Pour la première fois de son histoire, Airbus va fabriquer lui-même le moteur à hydrogène de ses avions
Un moteur à hydrogène signé Airbus, voilà qui ressemble à une petite révolution industrielle. Le constructeur européen n'a jamais fabriqué la propulsion de ses propres avions.
Pour la première fois depuis sa création, Airbus a décidé de concevoir et de fabriquer en interne le moteur à hydrogène de ses avions. Jusqu’à présent, l’entreprise sous-traitait cette production à des équipementiers spécialisés comme Rolls-Royce ou Safran. Cette décision marque un tournant stratégique dans l’industrie aéronautique, où Airbus cherche à réduire son empreinte carbone en remplaçant les carburants fossiles par l’hydrogène. L’hydrogène est un gaz qui, lorsqu’il est brûlé ou utilisé dans une pile à combustible, ne rejette que de la vapeur d’eau, sans émission de CO₂. Airbus vise à mettre en service un avion commercial à hydrogène d’ici 2035, dans le cadre de son programme ZEROe, lancé en 2020. Cette transition s’inscrit dans un contexte de pression réglementaire et sociétale croissante pour décarboner le transport aérien, responsable d’environ 2,5 % des émissions mondiales de gaz à effet de serre.

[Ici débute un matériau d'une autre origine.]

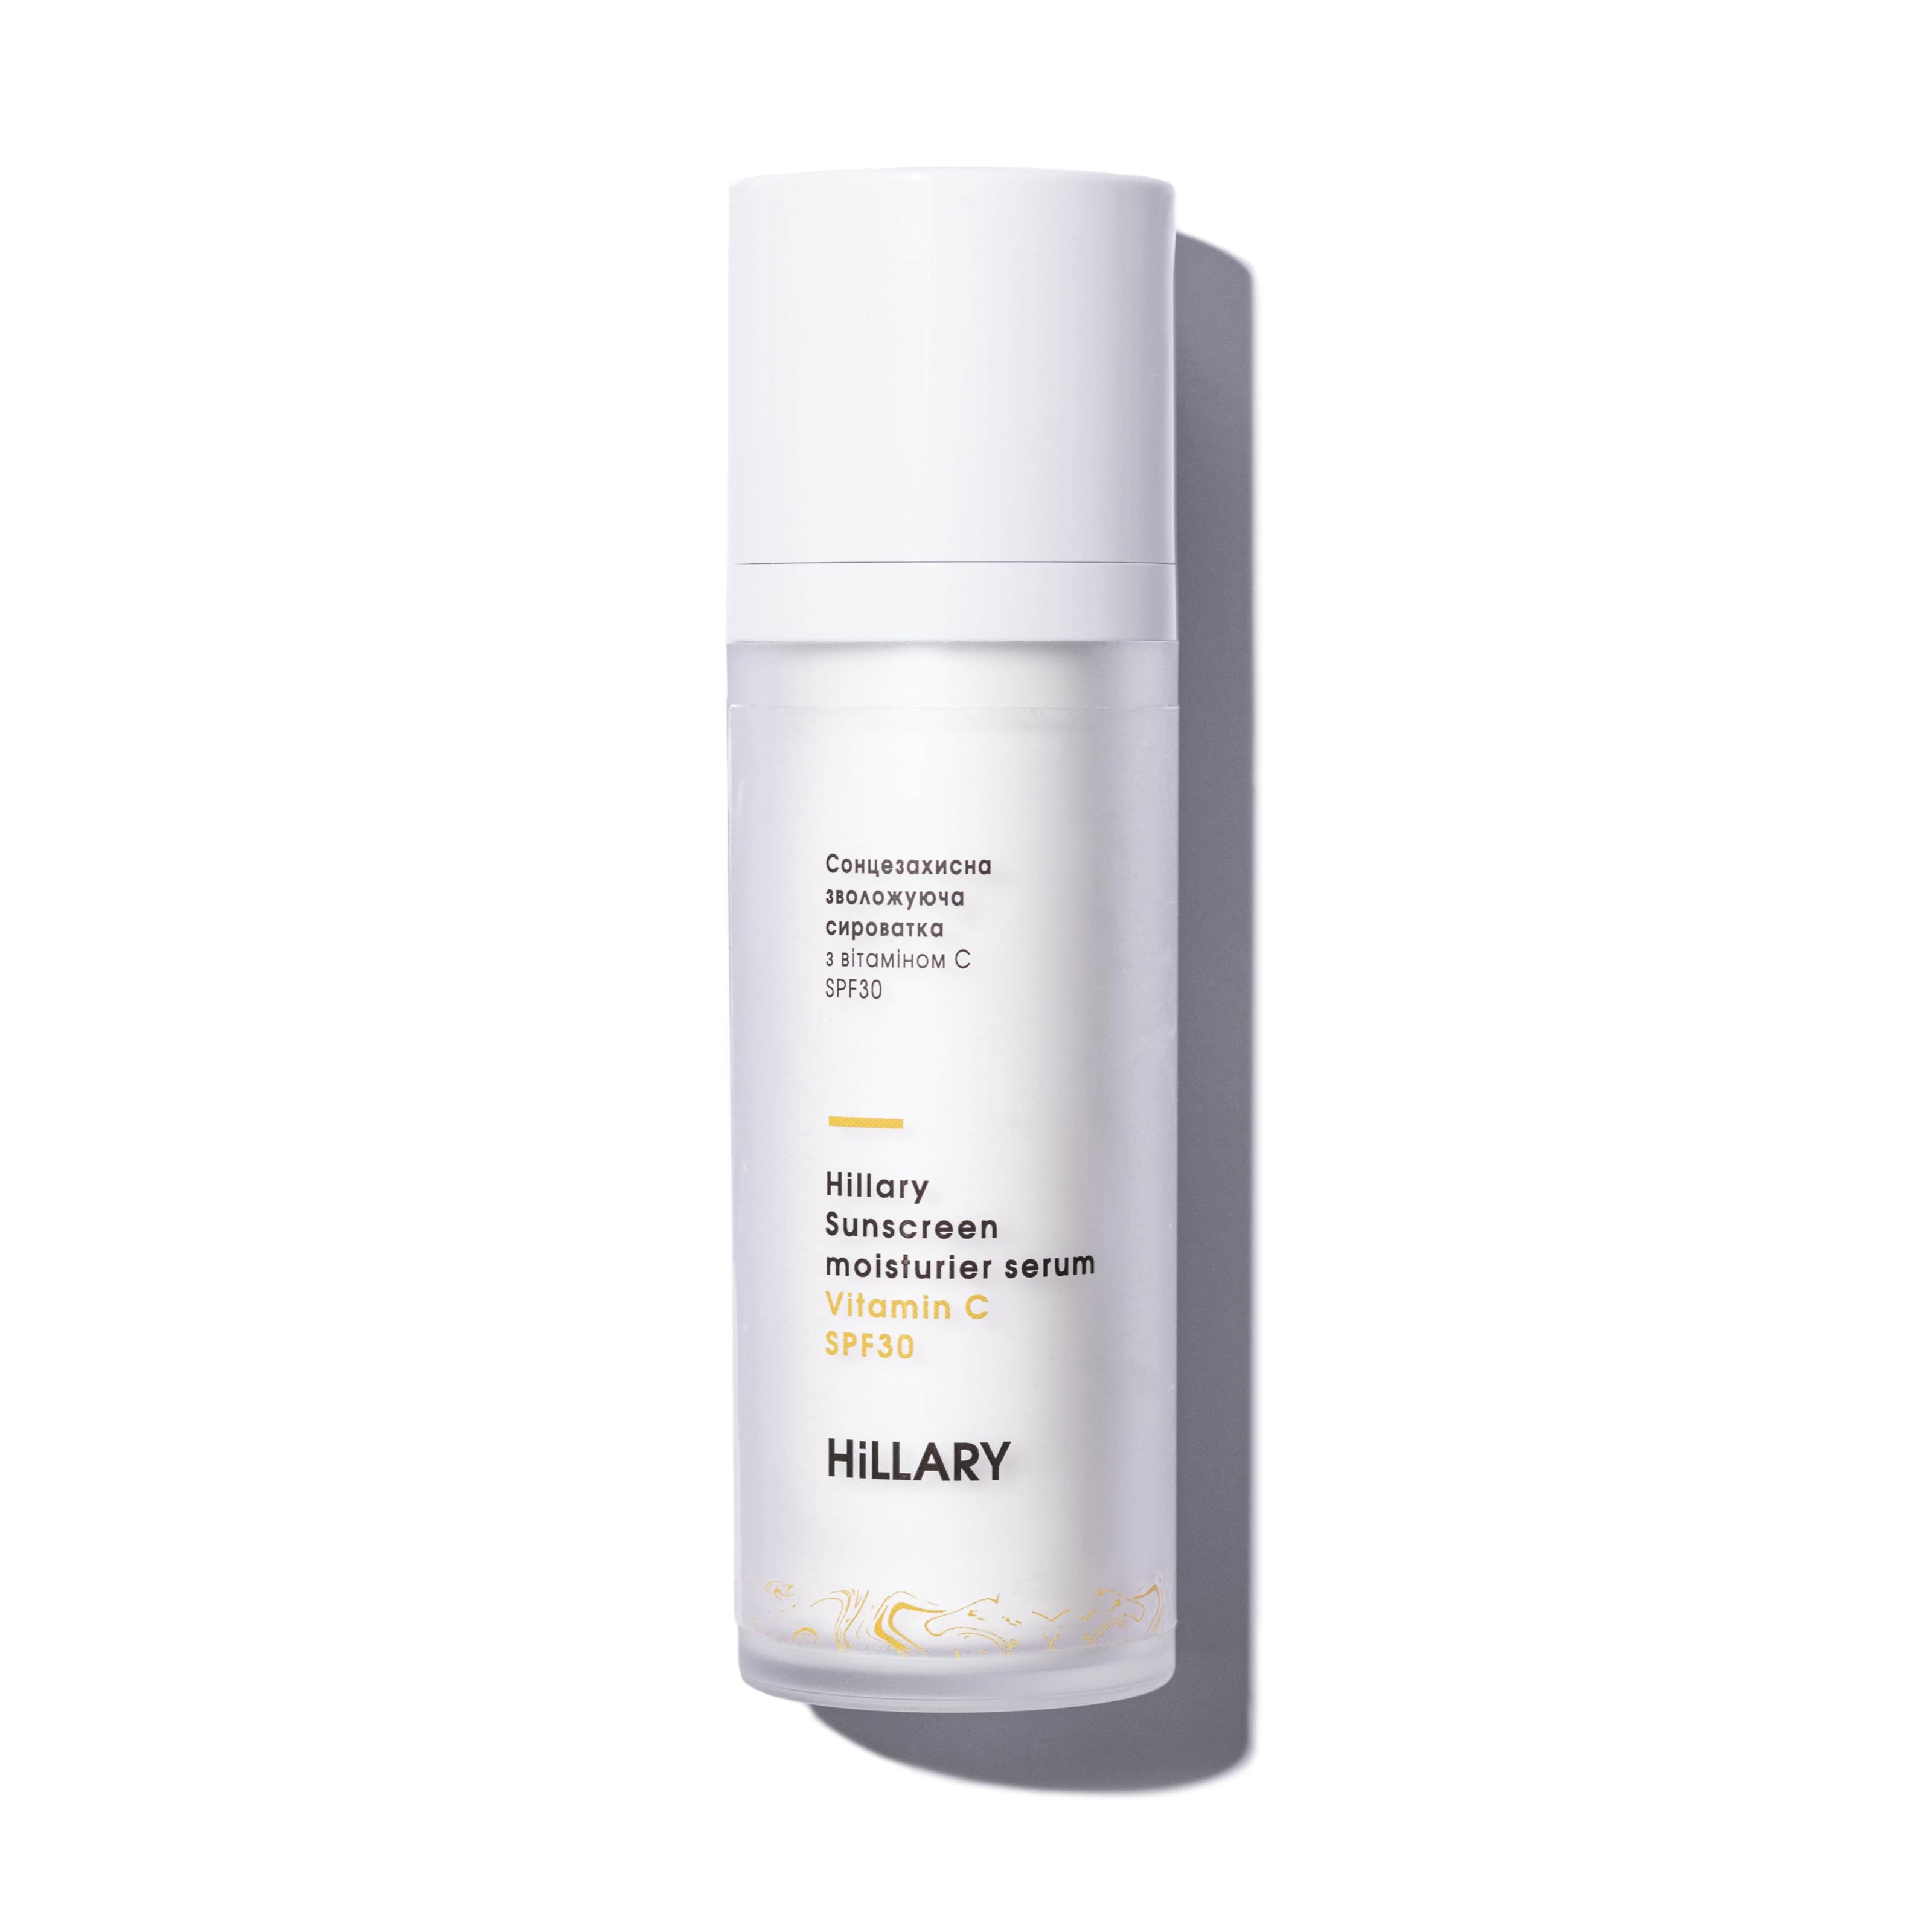 Сонцезахисна зволожуюча сироватка з вітаміном С SPF30 Hillary Sunscreen moisturier serum Vitamin C SPF30, 30 мл

Le développement d’un moteur à hydrogène pour l’aviation représente un défi technologique colossal. Contrairement aux moteurs à réaction classiques, qui brûlent du kérosène, un moteur à hydrogène doit gérer des températures extrêmes et des pressions élevées, tout en garantissant une sécurité optimale. L’hydrogène liquide, utilisé comme carburant, doit être stocké à -253 °C pour rester stable, ce qui impose des réservoirs cryogéniques complexes et des systèmes de gestion thermique performants. Airbus collabore avec des partenaires comme le motoriste CFM International (coentreprise entre GE Aerospace et Safran) pour développer ces technologies. Le groupe français compte investir plusieurs milliards d’euros dans ce projet, sans préciser de montant exact dans l’article. Les tests en soufflerie et les essais au sol sont prévus pour les prochaines années, avec un premier vol d’essai attendu avant 2030.
Cette décision d’Airbus pourrait bouleverser l’écosystème industriel de l’aéronautique. Historiquement, les constructeurs d’avions comme Airbus ou Boeing se concentraient sur la conception et l’assemblage des appareils, tandis que les motoristes (Rolls-Royce, GE, Safran, etc.) développaient et fabriquaient les moteurs. En internalisant la production des moteurs à hydrogène, Airbus prend un risque industriel et financier, mais aussi une opportunité de maîtriser toute la chaîne de valeur de ses futurs avions. Cette stratégie pourrait renforcer la compétitivité d’Airbus face à Boeing, qui mise également sur l’hydrogène avec son projet Explorer. Par ailleurs, cette initiative pourrait accélérer l’innovation chez les sous-traitants, qui devront s’adapter à de nouvelles normes et technologies.
Airbus a fixé un calendrier ambitieux pour son projet hydrogène. D’ici 2026, l’entreprise prévoit de finaliser la conception des moteurs et de commencer les premiers tests au sol. Un vol d’essai est programmé pour 2028, suivi d’une phase de certification et de mise en service commerciale vers 2035. L’objectif est de proposer un avion monocouloir (type A320) fonctionnant à 100 % à l’hydrogène, capable de transporter jusqu’à 200 passagers sur des trajets moyens-courriers (environ 3 500 km). Pour y parvenir, Airbus devra surmonter des défis logistiques, comme la création d’un réseau de stations de ravitaillement en hydrogène dans les aéroports, une infrastructure encore quasi inexistante aujourd’hui.
L’adoption de l’hydrogène comme carburant pour l’aviation pourrait réduire significativement l’impact climatique du secteur. Selon l’Agence internationale de l’énergie (AIE), l’hydrogène vert (produit à partir d’énergies renouvelables) pourrait couvrir jusqu’à 20 % des besoins énergétiques du transport aérien d’ici 2050. Airbus estime que ses avions à hydrogène pourraient réduire les émissions de CO₂ de 50 à 100 % par rapport aux avions actuels, selon la source d’énergie utilisée pour produire l’hydrogène. Cependant, la production d’hydrogène vert reste coûteuse et énergivore, avec un prix estimé entre 3 et 6 €/kg en 2026 (contre 1 à 2 €/kg pour l’hydrogène gris, issu du gaz naturel). Le défi sera donc de rendre cette solution économiquement viable à grande échelle.